Matthias escorted Nina up to the room reserved for Judit Coenen on the third floor of the hotel. Just as Kaz had said, the balcony had a perfect view of the wide expanse of Goedmedbridge and the waters of West Stave, bordered on both sides by hotels and pleasure houses.
“What does that mean?” Matthias asked. “Goedmedbridge?”
“Good maiden bridge.”
“Why is it called that?”
Nina leaned against the doorway and said, “Well, the story is that when a woman found out her husband had fallen in love with a girl from West Stave and planned to leave her, she came to the bridge and, rather than live without him, hurled herself into the canal.”
“Over a man with so little honor?”
“You’d never be tempted? All the fruits and flesh of West Stave before you?”
“Would you throw yourself off a bridge for a man who was?”
“I wouldn’t throw myself off a bridge for the king of Ravka.”
“It’s a terrible story,” said Matthias.
“I doubt it’s true. It’s just what happens when you let men name the bridges.”
“You should rest,” he said. “I can wake you when it’s time.”
“I’m not tired, and I don’t need to be told how to do my job.”
“You’re angry.”
“Or told how I feel. Get to your post, Matthias. You’re looking a little ragged around those gilded edges too.”
Her voice was cold, her spine straight. The memory of the dream came at him so hard he could almost feel the bite of the wind, the snow lashing his cheeks in stinging gusts. His throat burned, scraped raw as he shouted Nina’s name. He wanted to tell her to be careful. He wanted to ask her what was wrong.
“No mourners,” he murmured.
“No funerals,” she replied, her eyes trained on the bridge.
Matthias left quietly, descended the stairs, and crossed over the canal via the wide expanse of Goedmedbridge. He looked up at the balcony of the Ammbers Hotel but saw no sign of Nina. That was good. If he couldn’t see her from the bridge, then Van Eck wouldn’t be able to either. A few stone steps took him down to a dock where a flower seller was poling his barge full of blossoms into place in the rosy wash of morning light. Matthias exchanged a brief word with the man as he tended to his tulips and daffodils, noting the marks Wylan had chalked above the waterline on both sides of the canal. They were ready.

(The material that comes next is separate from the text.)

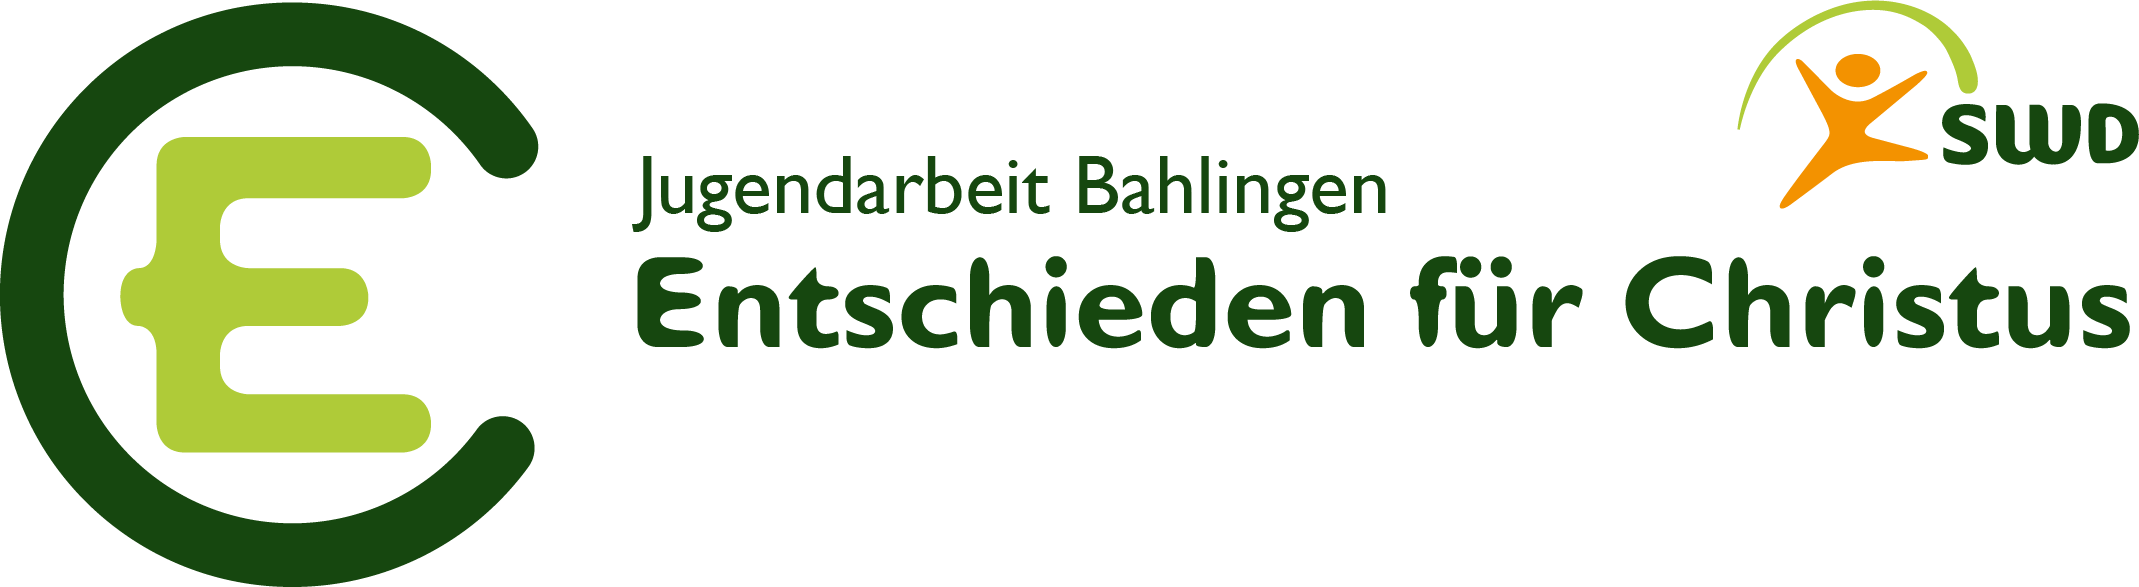 EC Bahlingen

He made his way up the stairs of the Emporium Komedie, surrounded on all sides by masks and veils and glittering capes. Every floor had a different theme, offering fantasies of all kinds. He was horrified to see a rack of drüskelle costumes. Still, it was a good place to avoid notice.
He hurried to the roof and signaled to Jesper with his mirror. They were all in position now. Just before noon, Wylan would descend to wait in the canal-side café that always drew a noisy collection of street performers—musicians, mimes, jugglers—busking for tourist money. For now, the boy lay on his side, tucked beneath the stone ledge of the roof and dozing lightly. Matthias’ rifle lay bundled in oilcloth beside Wylan, and he’d set out a whole string of fireworks, their fuses curled like mice tails.

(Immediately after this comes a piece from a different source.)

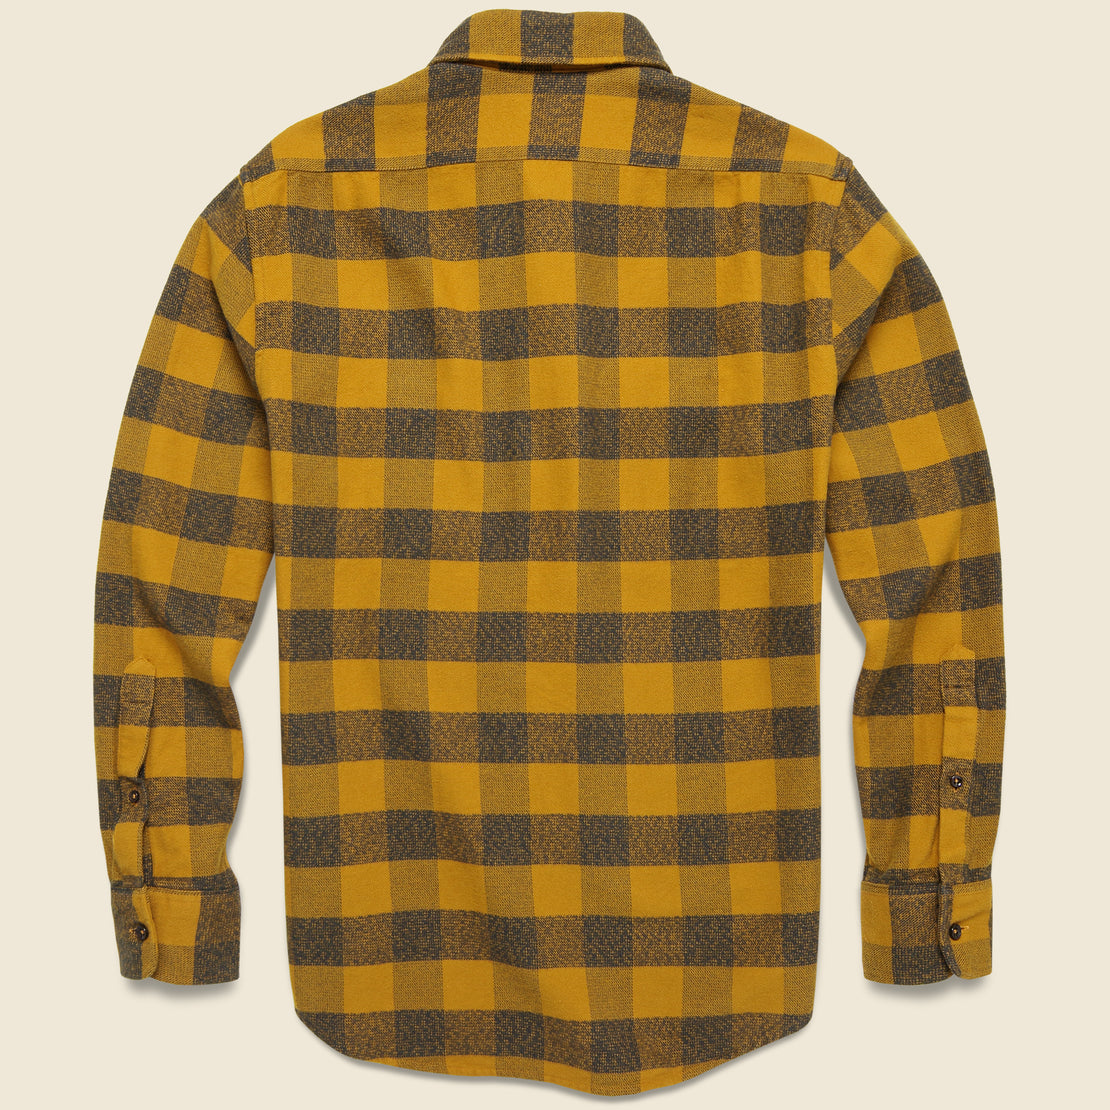 Yosemite Shirt - Saffron Buffalo Check - Taylor Stitch - STAG Provisions - Tops - L/S Woven - Plaid

Matthias settled his back against the ledge and shut his eyes, floating in and out of consciousness. He was used to these long stretches with little sleep from his time with the drüskelle . He would wake when he needed to. But now, he marched across the ice, the wind howling in his ears. Even the Ravkans had a name for that wind, Gruzeburya , the brute, a killing wind. It came from the north, a storm that engulfed everything in its path. Soldiers died mere steps from their tents, lost in the whiteness, their cries for help eaten by the faceless cold. Nina was out there. He knew it and he had no way to reach her. He screamed her name again and again, feeling his feet going numb in his boots, the ice seeping through his clothes. He strained to hear an answer, but his ears were full of the roar of the storm and somewhere, in the distance, the howl of wolves. She would die on the ice. She would die alone and it would be his fault.